Exercise data START
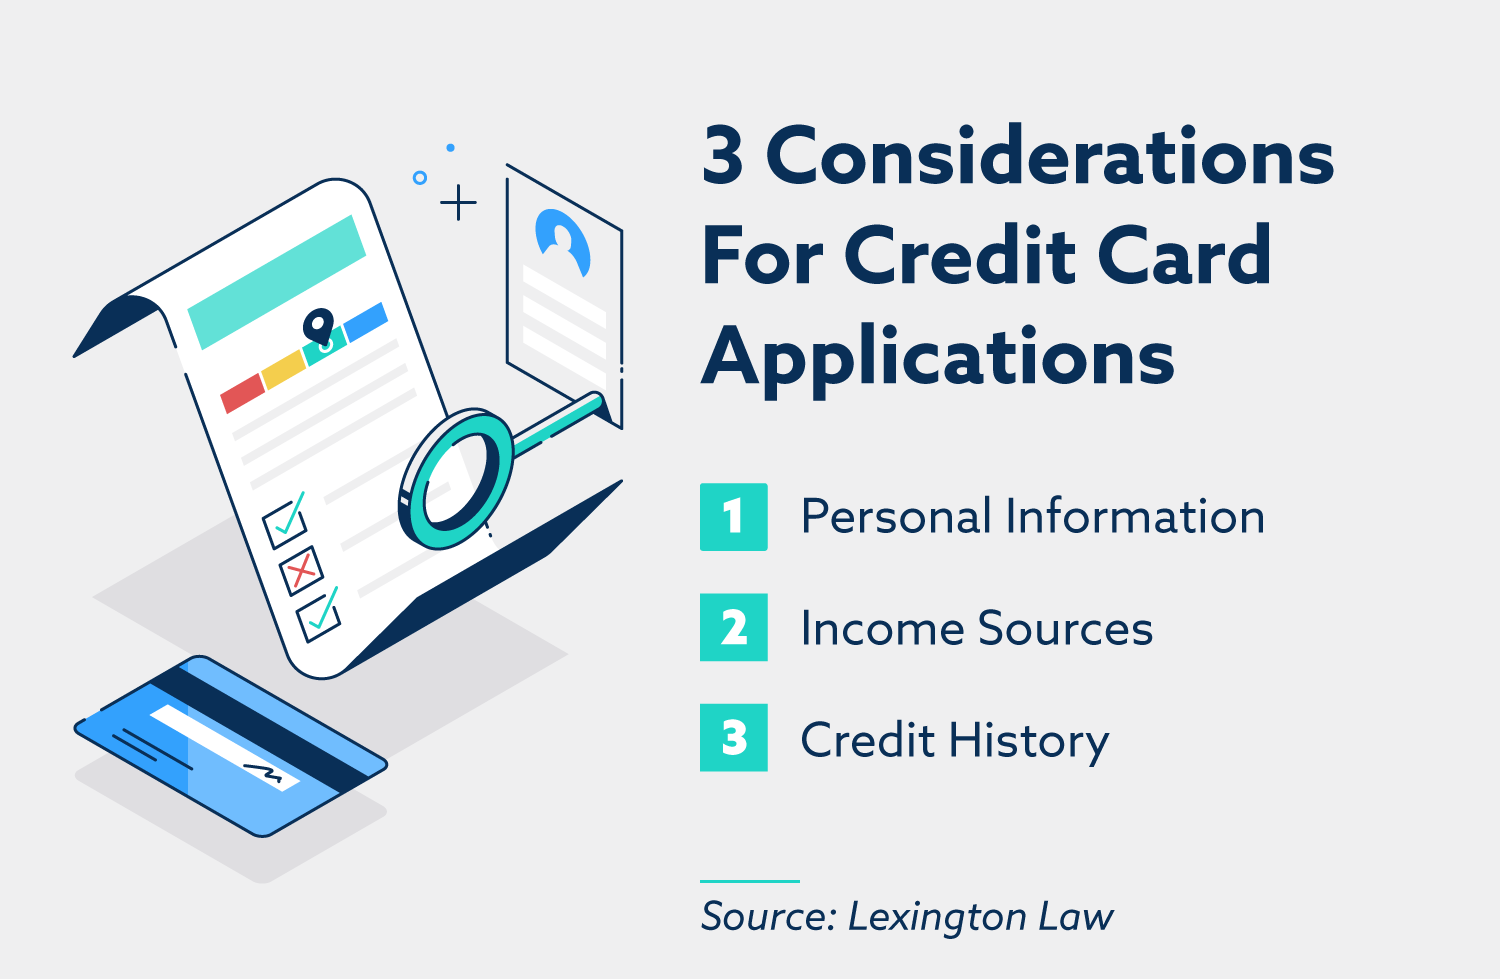 3 considerations for credit card applications
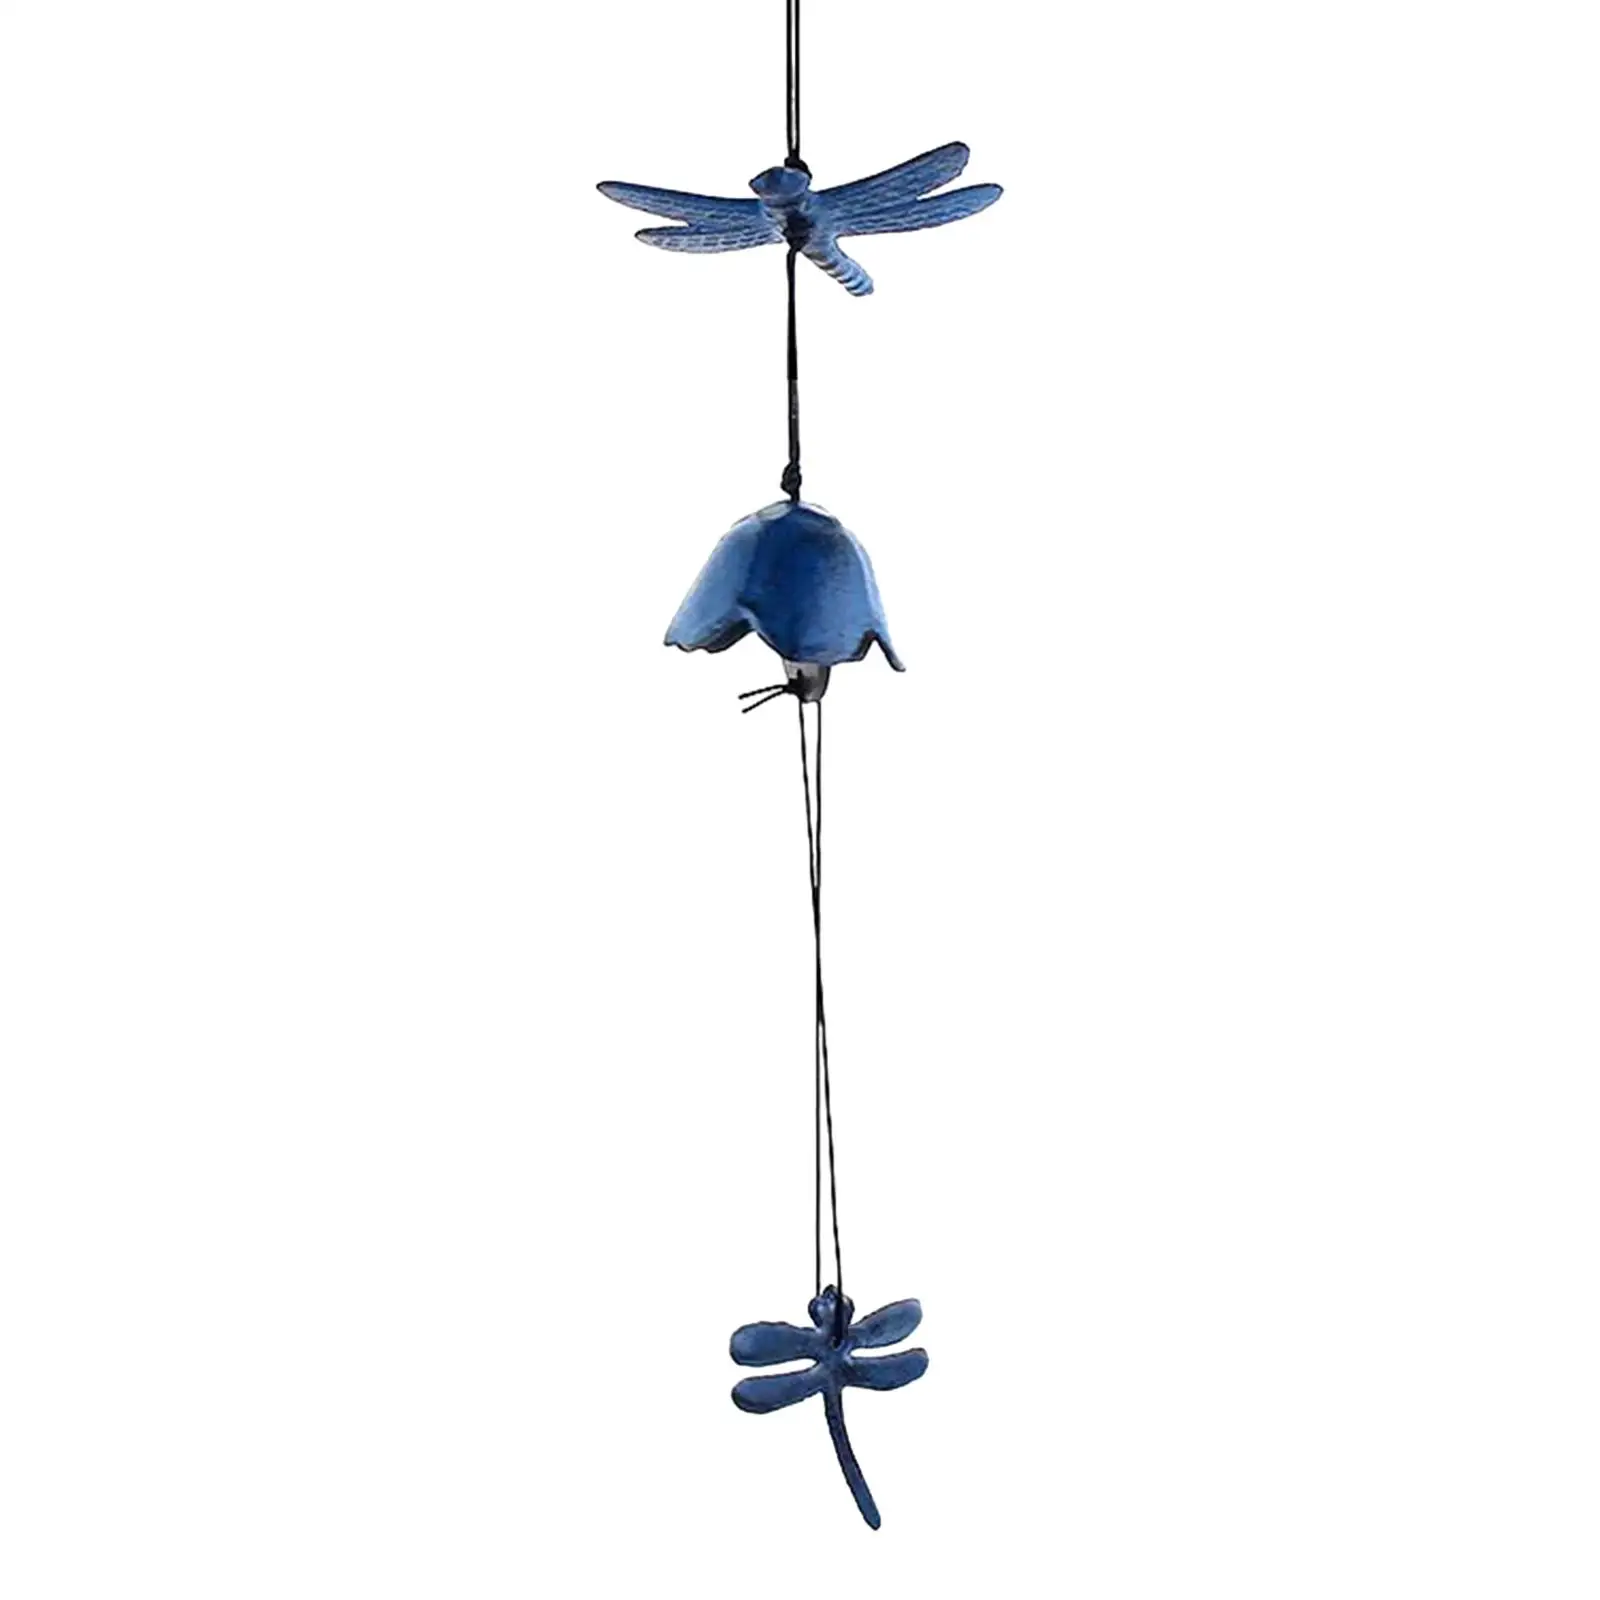 Japanese Wind Chime Dragonfly Wind Bell for Farmhouse Garden
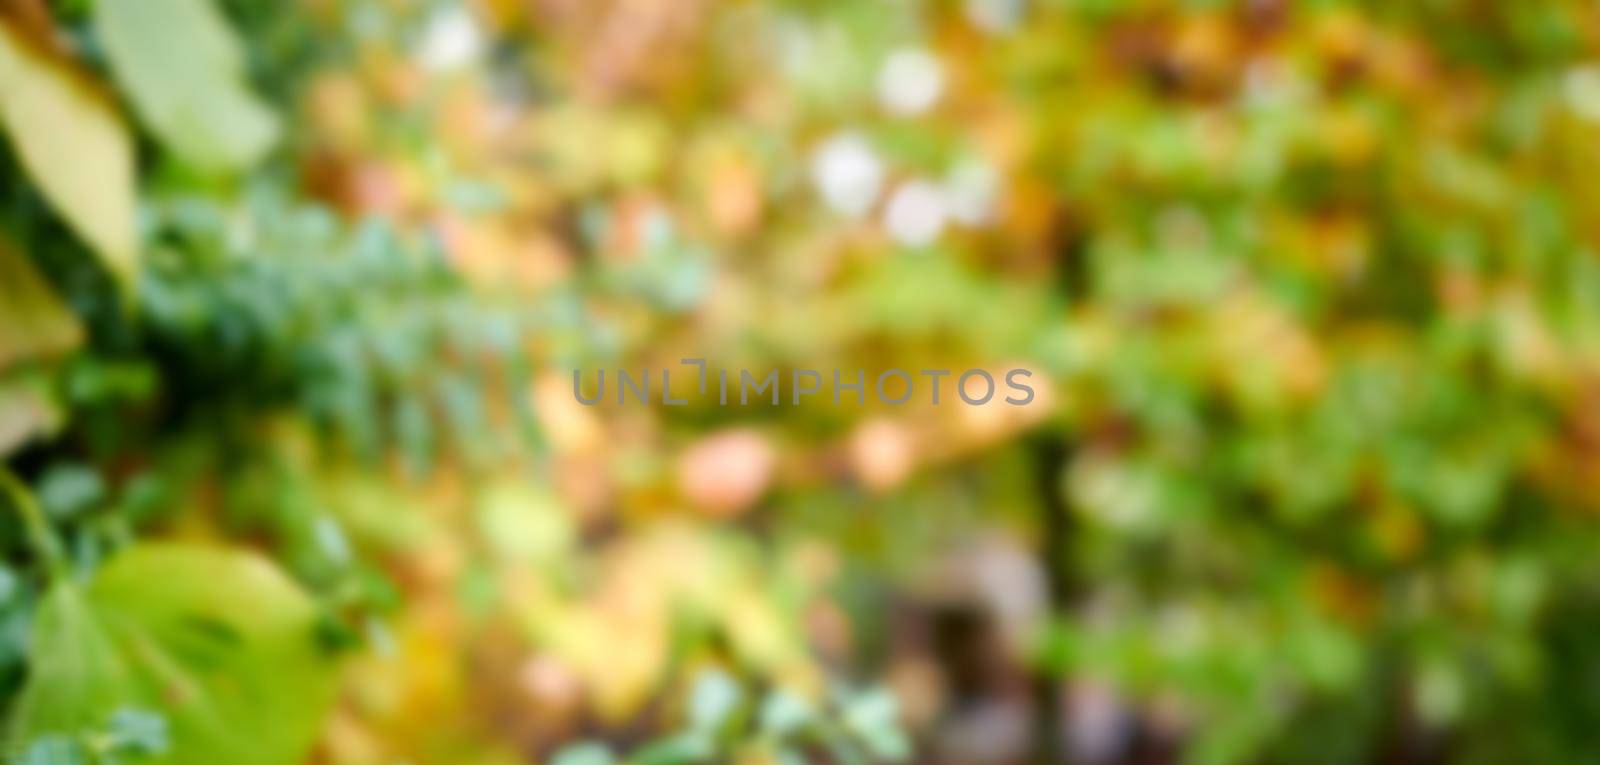 Beautiful, sunny and empty outside garden in the fall with colorful vibrant green and autumn brown leaves. Blurred outdoor nature background with abstract foliage of trees and plants. by YuriArcurs
Exercise data END
**Aim of the exercise:** Please write out the material from the line containing "Japanese Wind Chime" to its final line, both inclusive, exactly as it appears; pictures are not part of the copy.

**Answer:**
 Japanese Wind Chime Dragonfly Wind Bell for Farmhouse Garden
 Beautiful, sunny and empty outside garden in the fall with colorful vibrant green and autumn brown leaves. Blurred outdoor nature background with abstract foliage of trees and plants. by YuriArcurs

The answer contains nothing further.